### EXERCISE MATERIALS
..............................
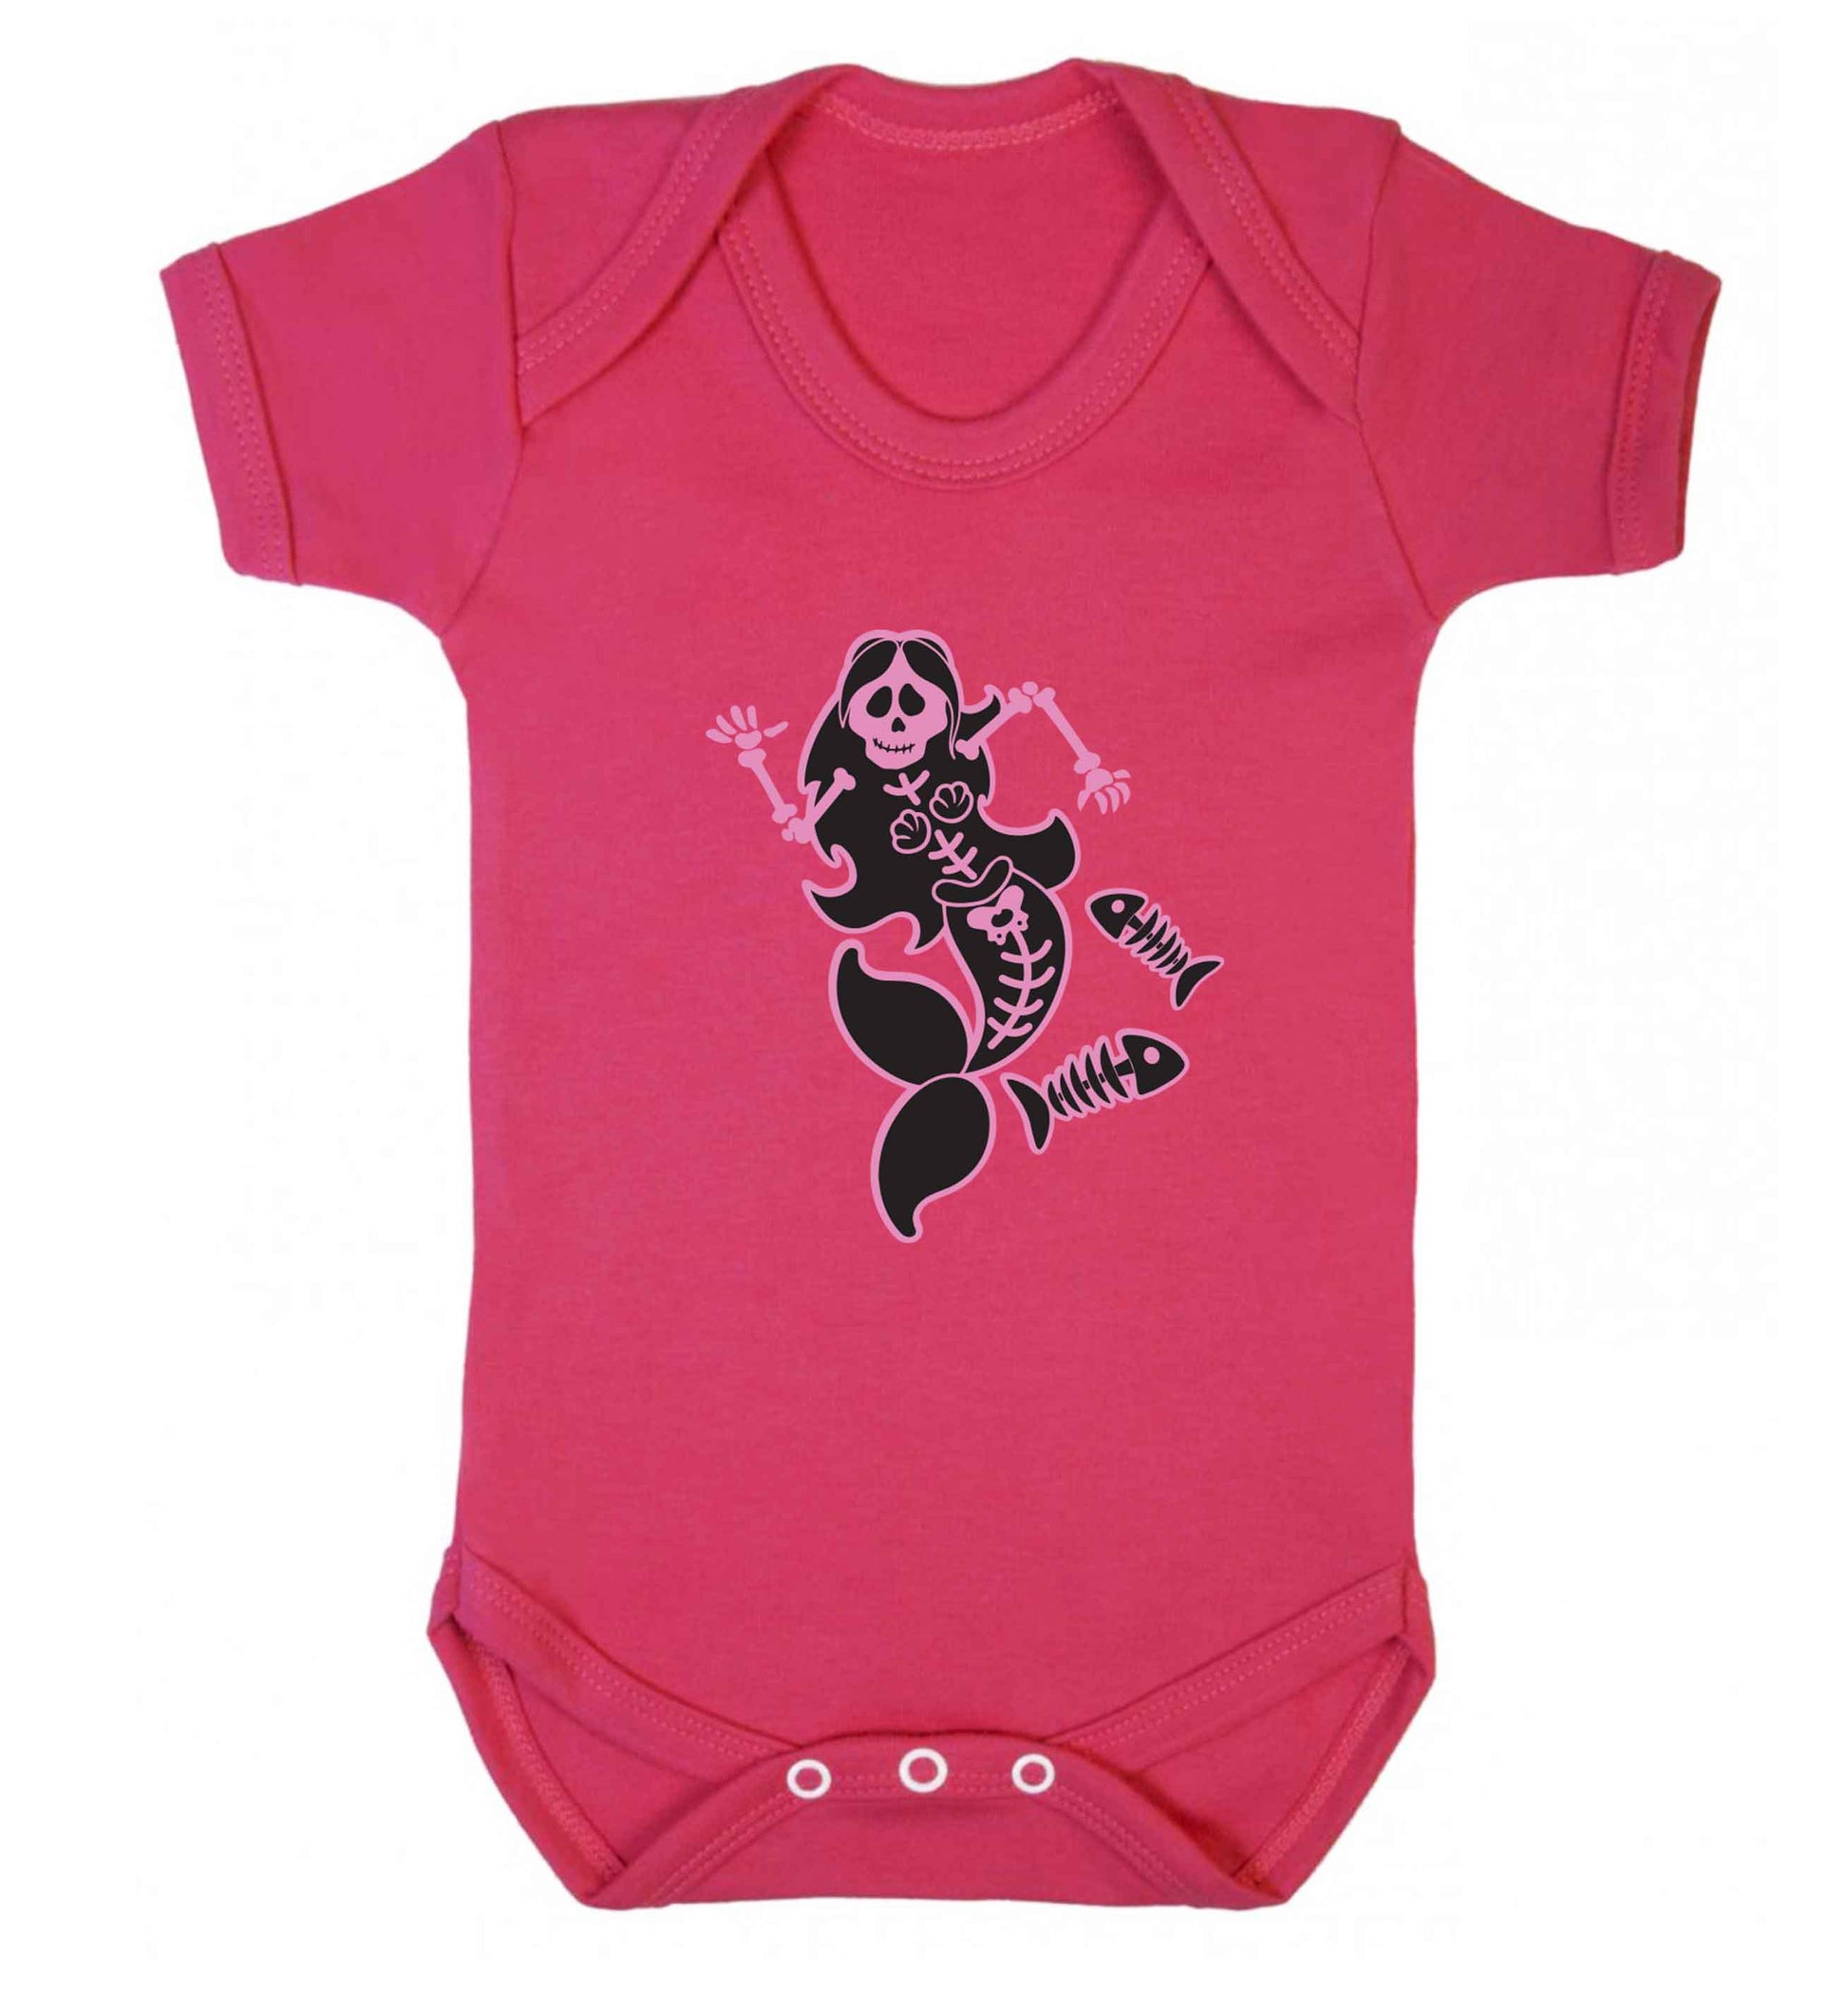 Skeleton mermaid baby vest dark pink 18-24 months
..............................
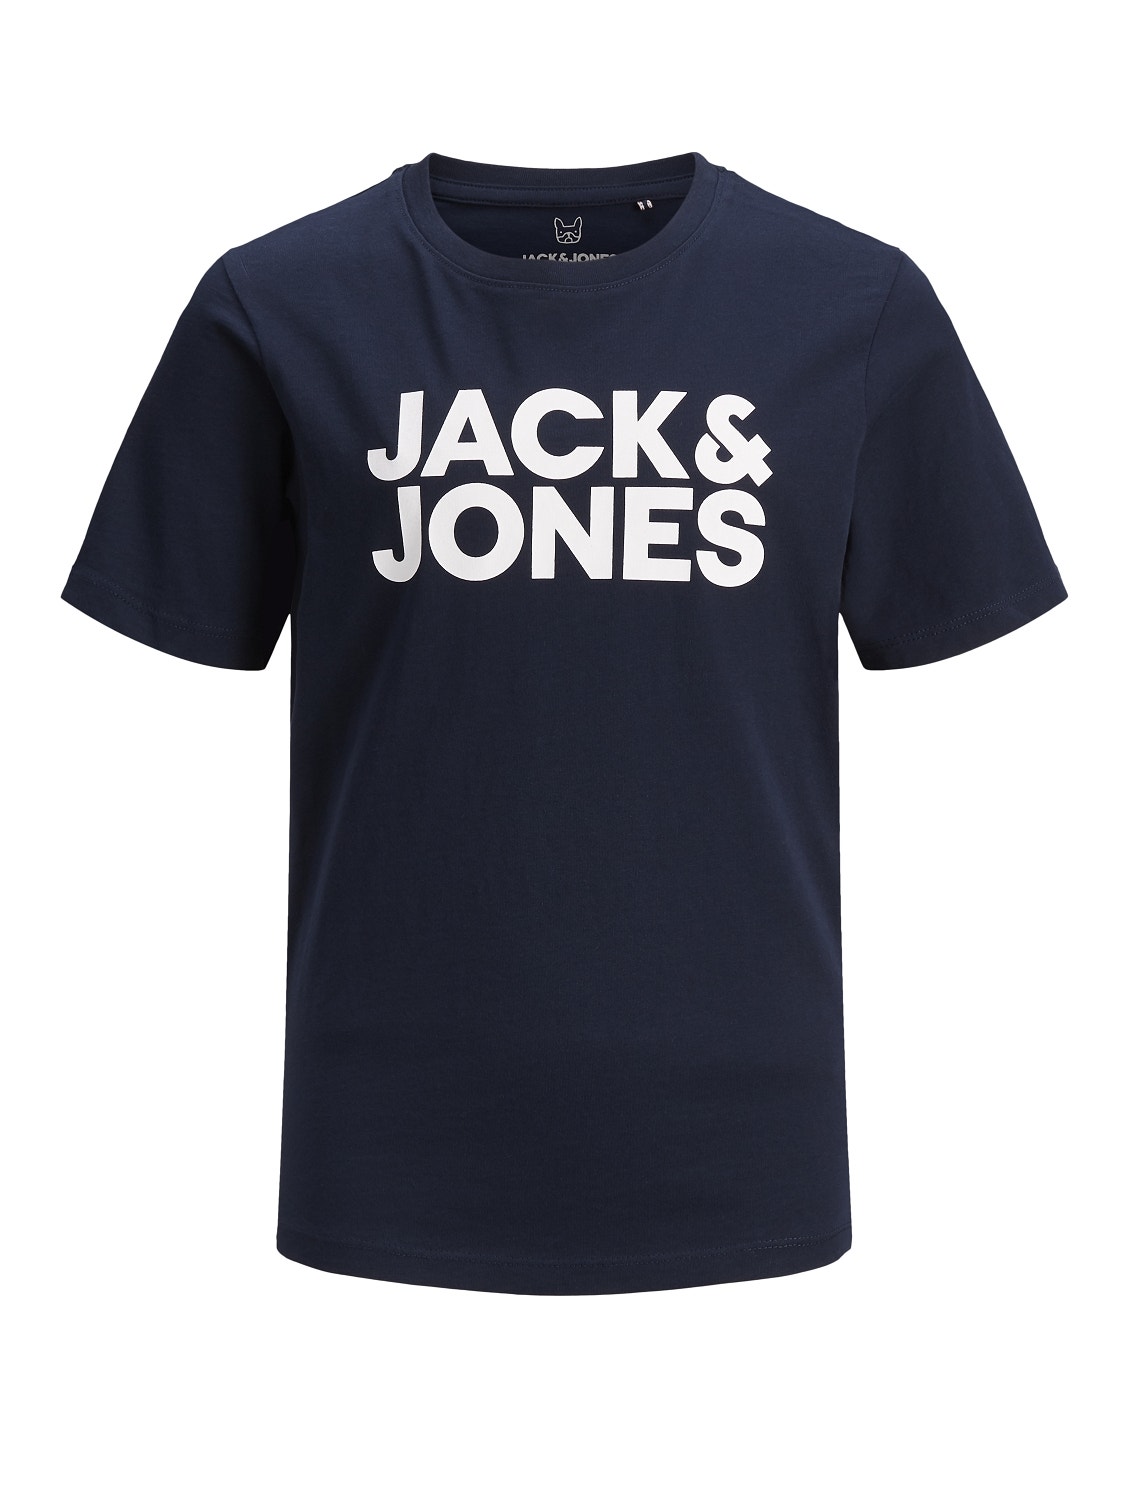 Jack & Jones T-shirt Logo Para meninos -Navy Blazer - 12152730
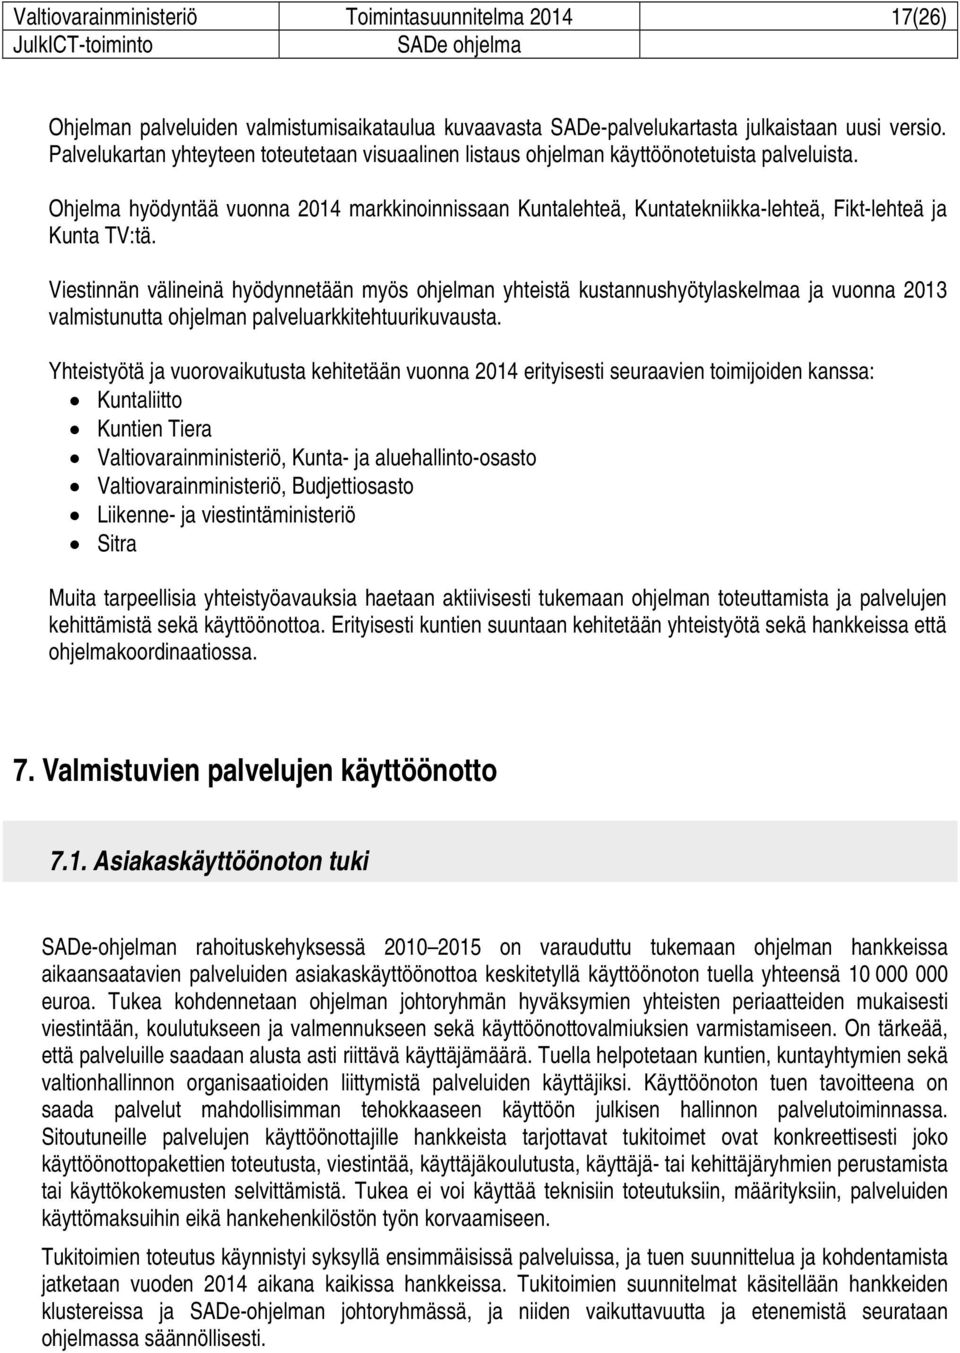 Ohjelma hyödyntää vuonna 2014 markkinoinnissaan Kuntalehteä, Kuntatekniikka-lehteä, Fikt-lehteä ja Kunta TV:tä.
..............................
From the listing above, restate verbatim the lines running from the one with "Jack & Jones" through the one with "Ohjelma hyödyntää vuonna", inclusive, but not the pictures.

### EXERCISE RESPONSE
 Jack & Jones T-shirt Logo Para meninos -Navy Blazer - 12152730
 Ohjelma hyödyntää vuonna 2014 markkinoinnissaan Kuntalehteä, Kuntatekniikka-lehteä, Fikt-lehteä ja Kunta TV:tä.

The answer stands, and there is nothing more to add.